Exercise objective: Each line below must be reproduced exactly, though the pictures are to be dropped.
Data Start Marker
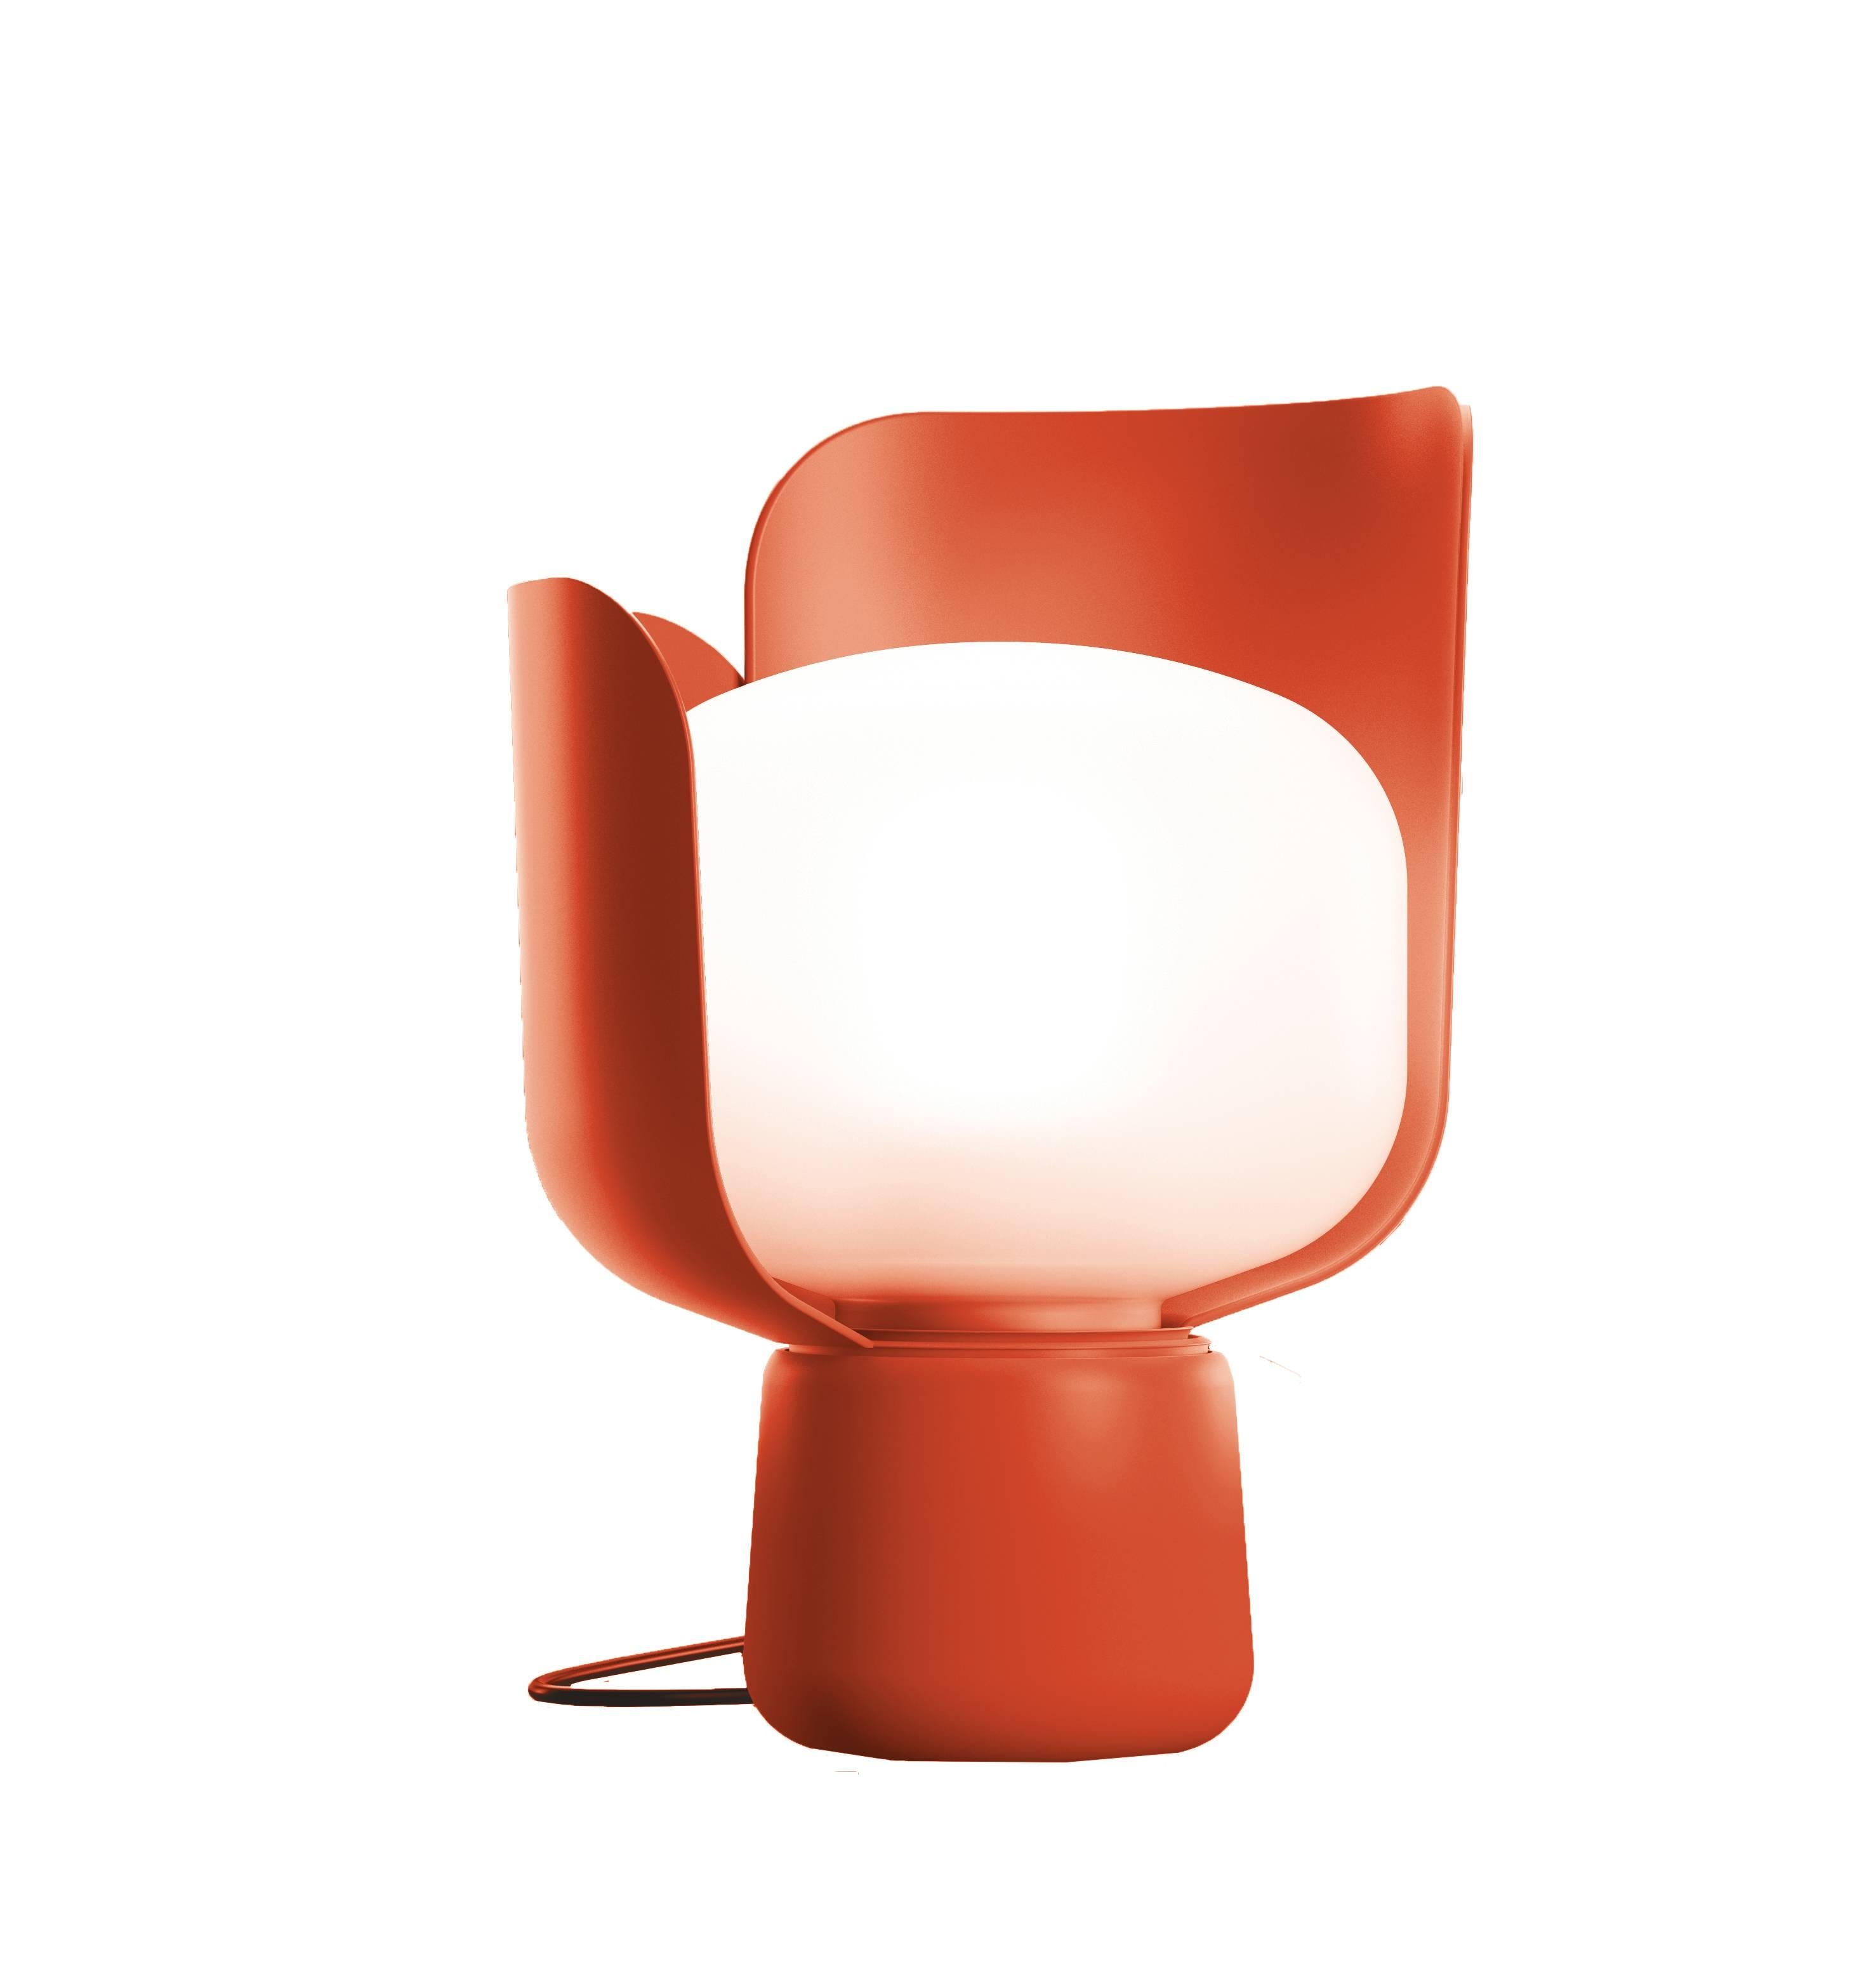 Aluminum BLOM Table Lamp Designed by Andreas Engesvik for Fontana Arte
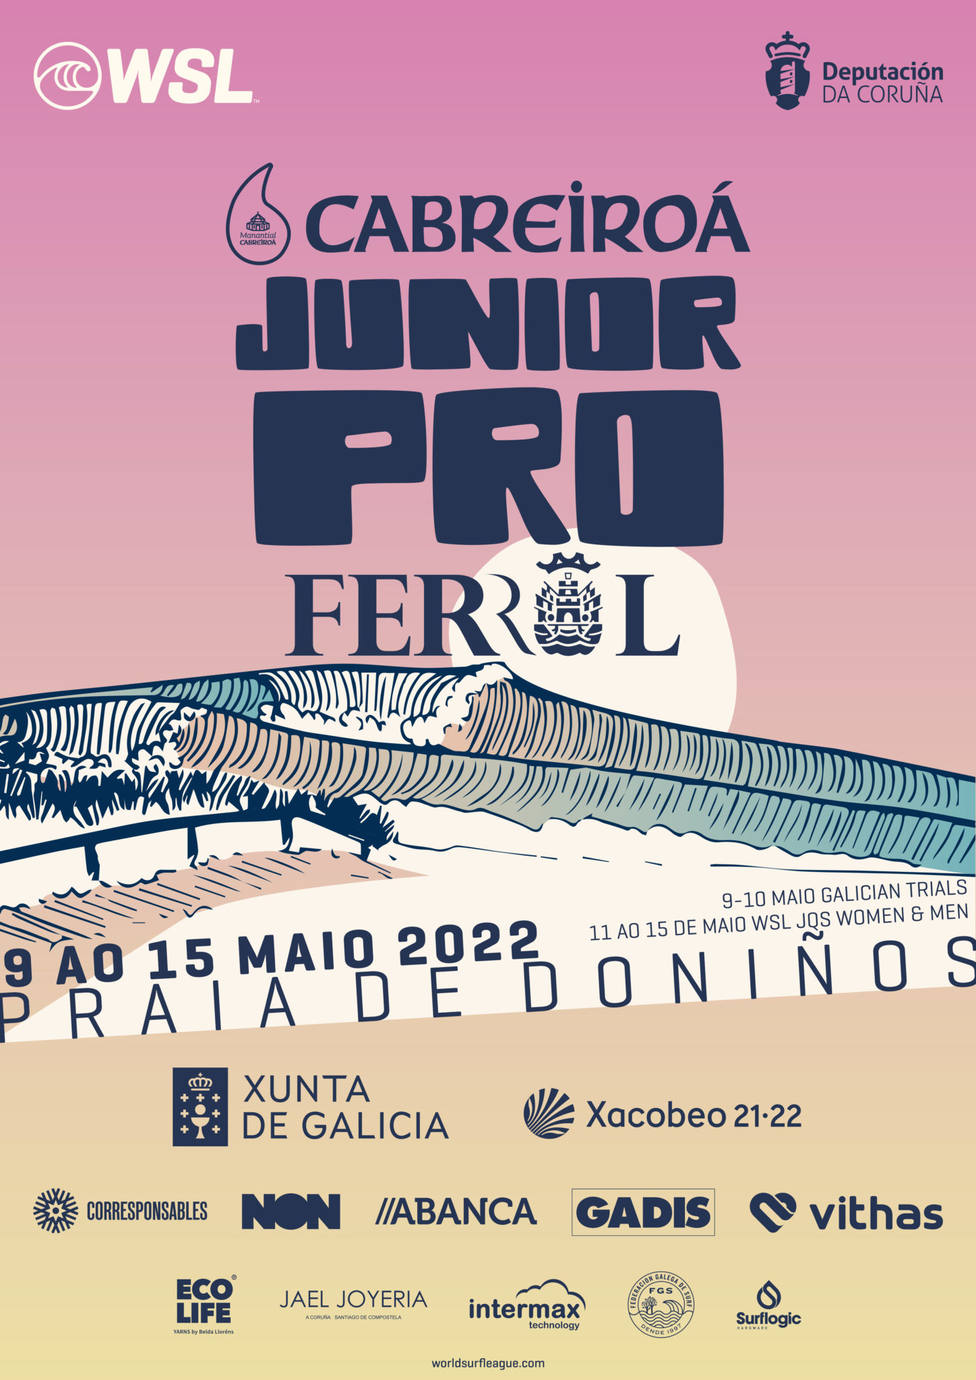 Poster Cabreiroa junior pro Ferrol 2022
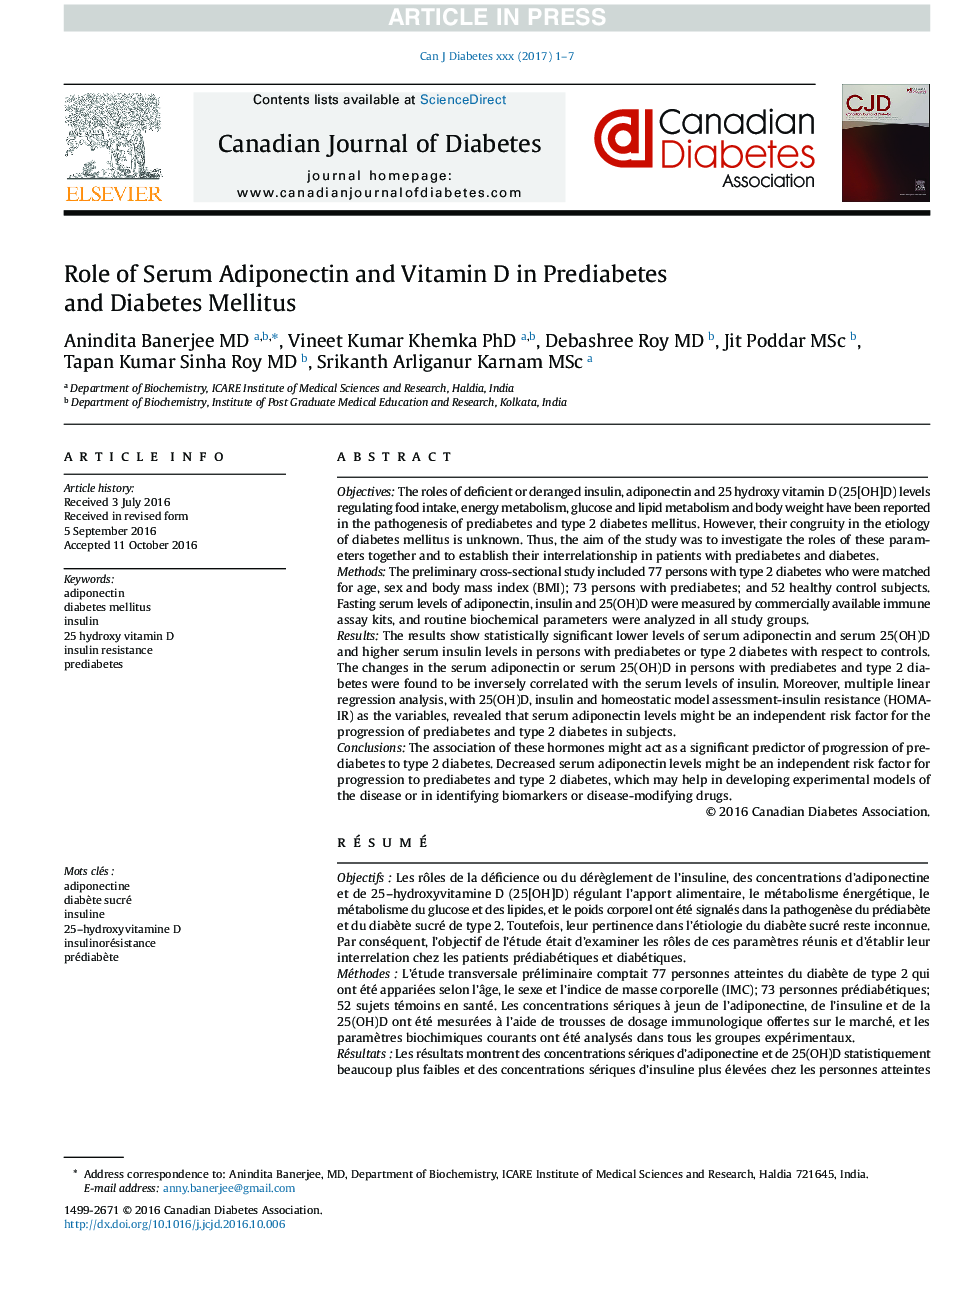 Role of Serum Adiponectin and Vitamin D in Prediabetes and Diabetes Mellitus
Data End Marker
Task answer:
 Aluminum BLOM Table Lamp Designed by Andreas Engesvik for Fontana Arte
 Poster Cabreiroa junior pro Ferrol 2022
 Role of Serum Adiponectin and Vitamin D in Prediabetes and Diabetes Mellitus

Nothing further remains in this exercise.